### Task to carry out:
The material below holds pictures, which are to be left out; copy exactly the lines from the one with "Фургончик с мороженым из серии МиньоныМиньоны<br>Фургончик" through the one with "Best Ad Network - Sharethrough".

### Data to use:
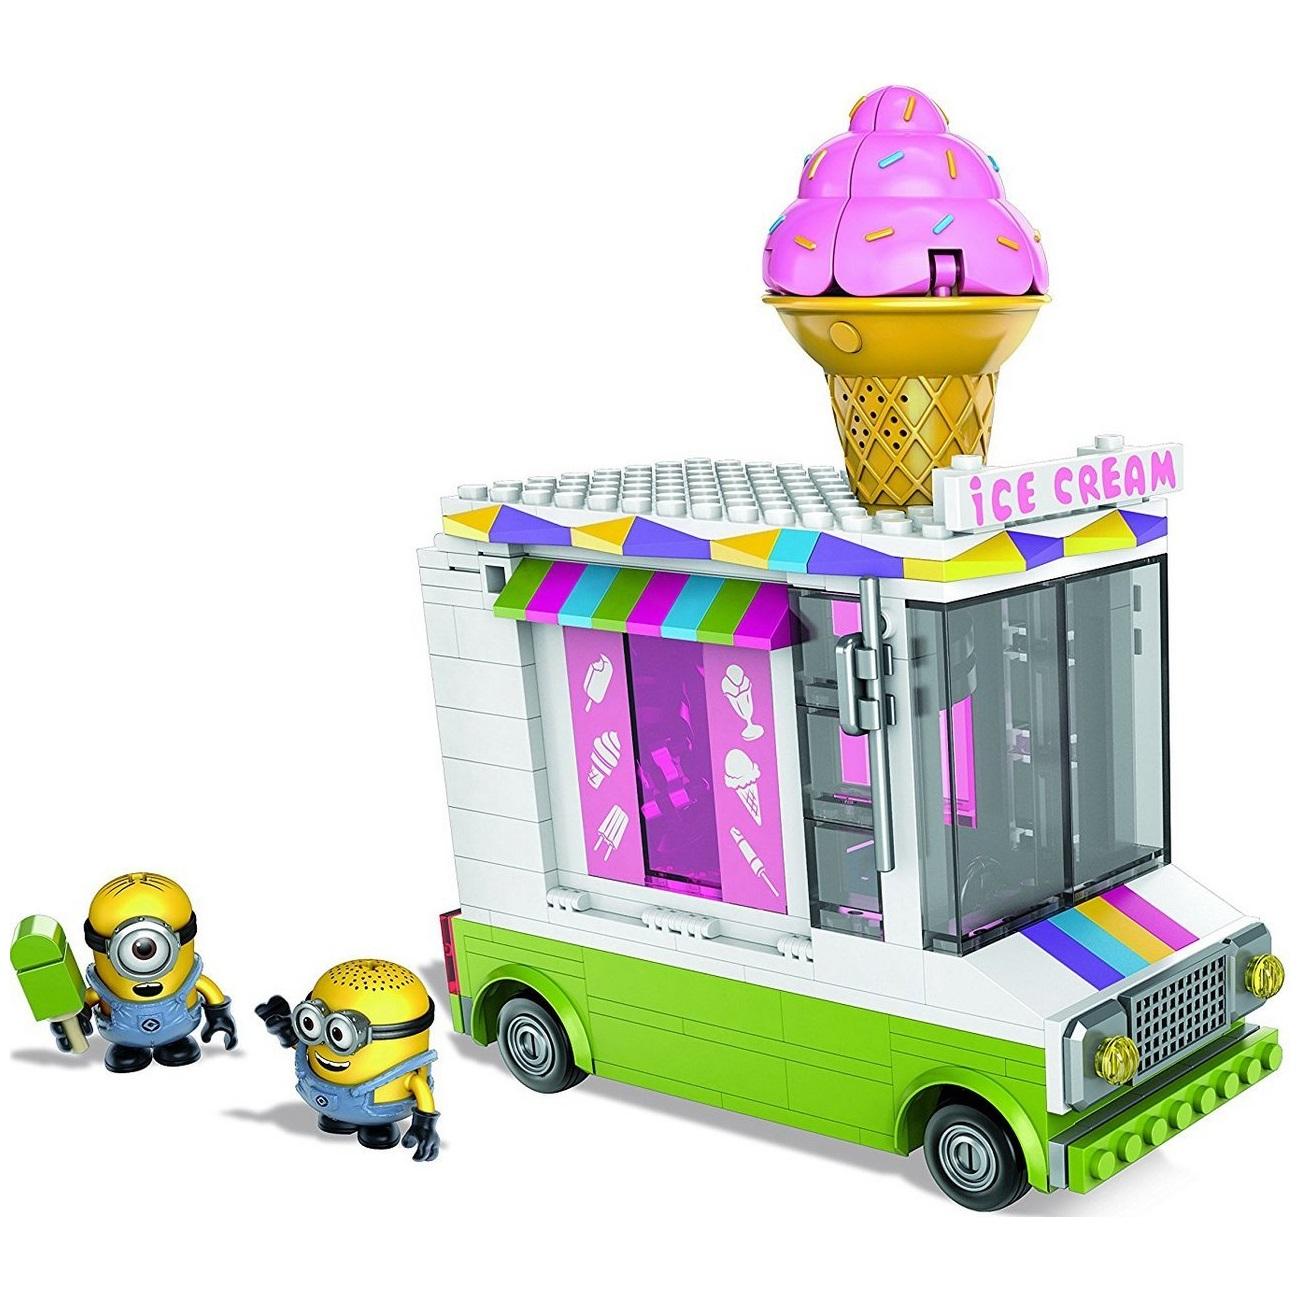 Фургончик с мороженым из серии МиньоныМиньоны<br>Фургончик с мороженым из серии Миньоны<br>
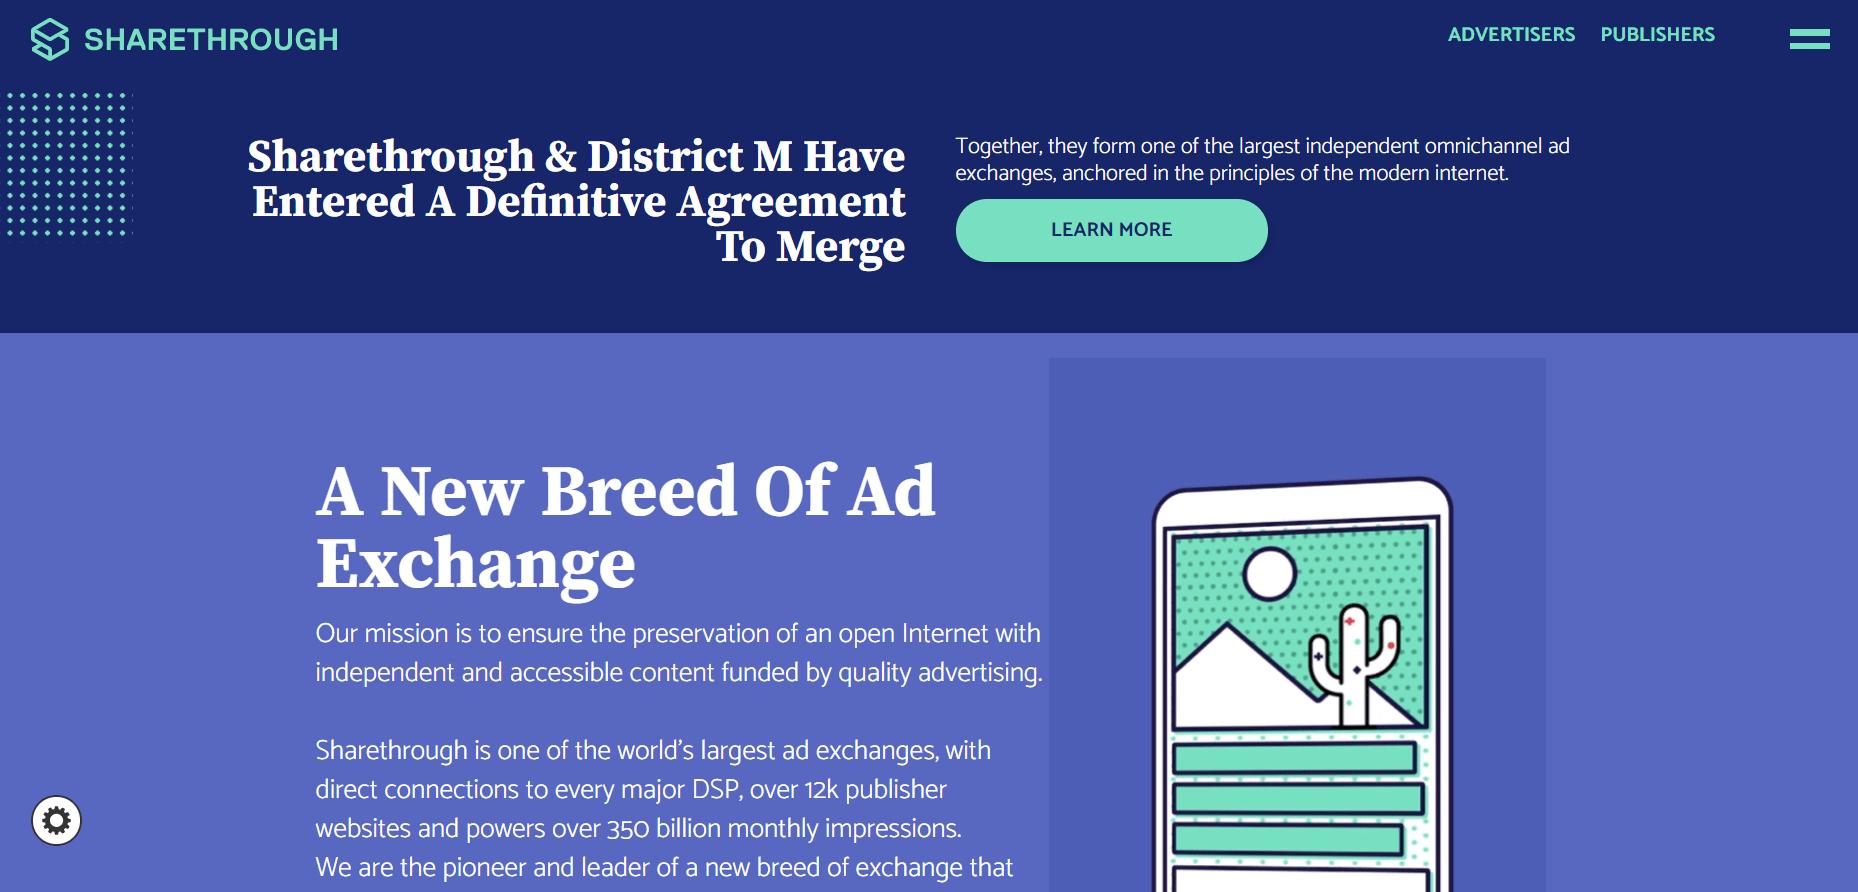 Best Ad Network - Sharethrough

...

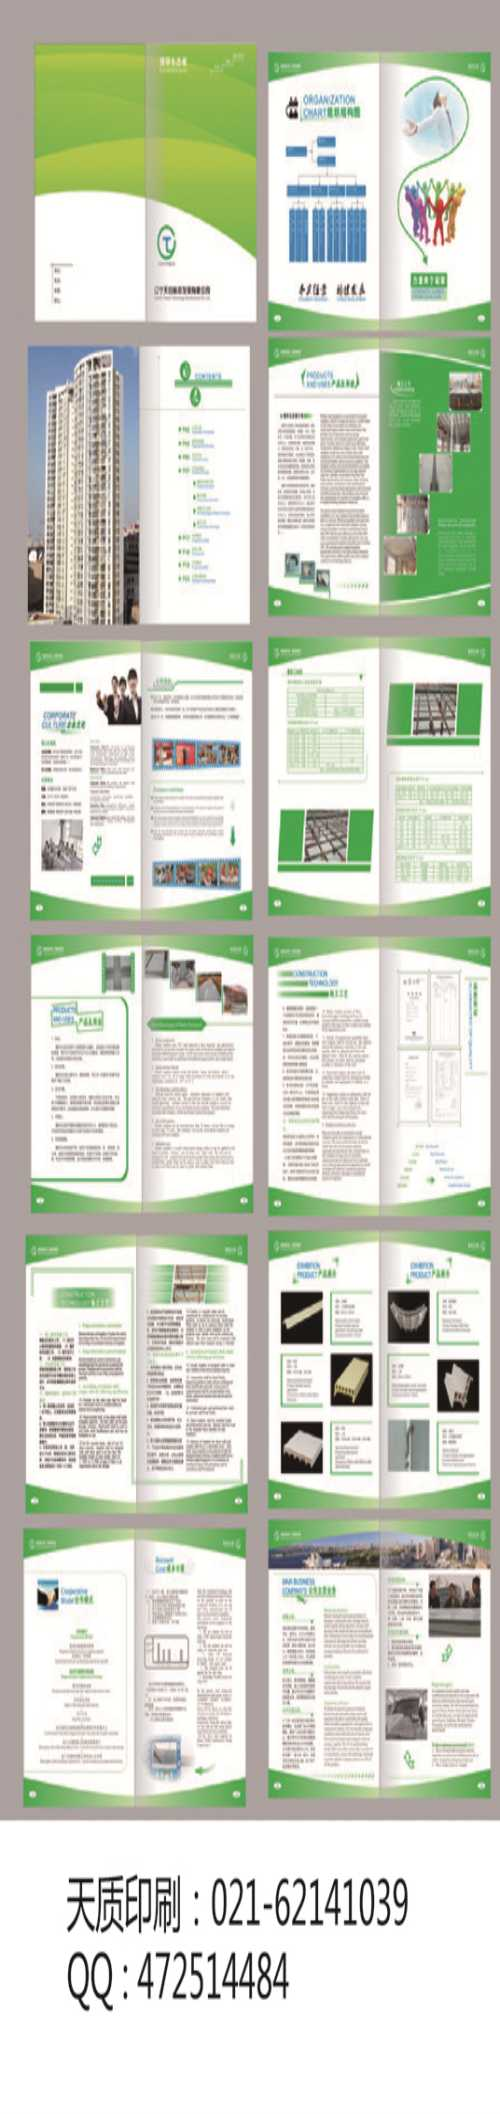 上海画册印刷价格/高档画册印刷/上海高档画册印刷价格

### Task solution:
 Фургончик с мороженым из серии МиньоныМиньоны<br>Фургончик с мороженым из серии Миньоны<br>
 Best Ad Network - Sharethrough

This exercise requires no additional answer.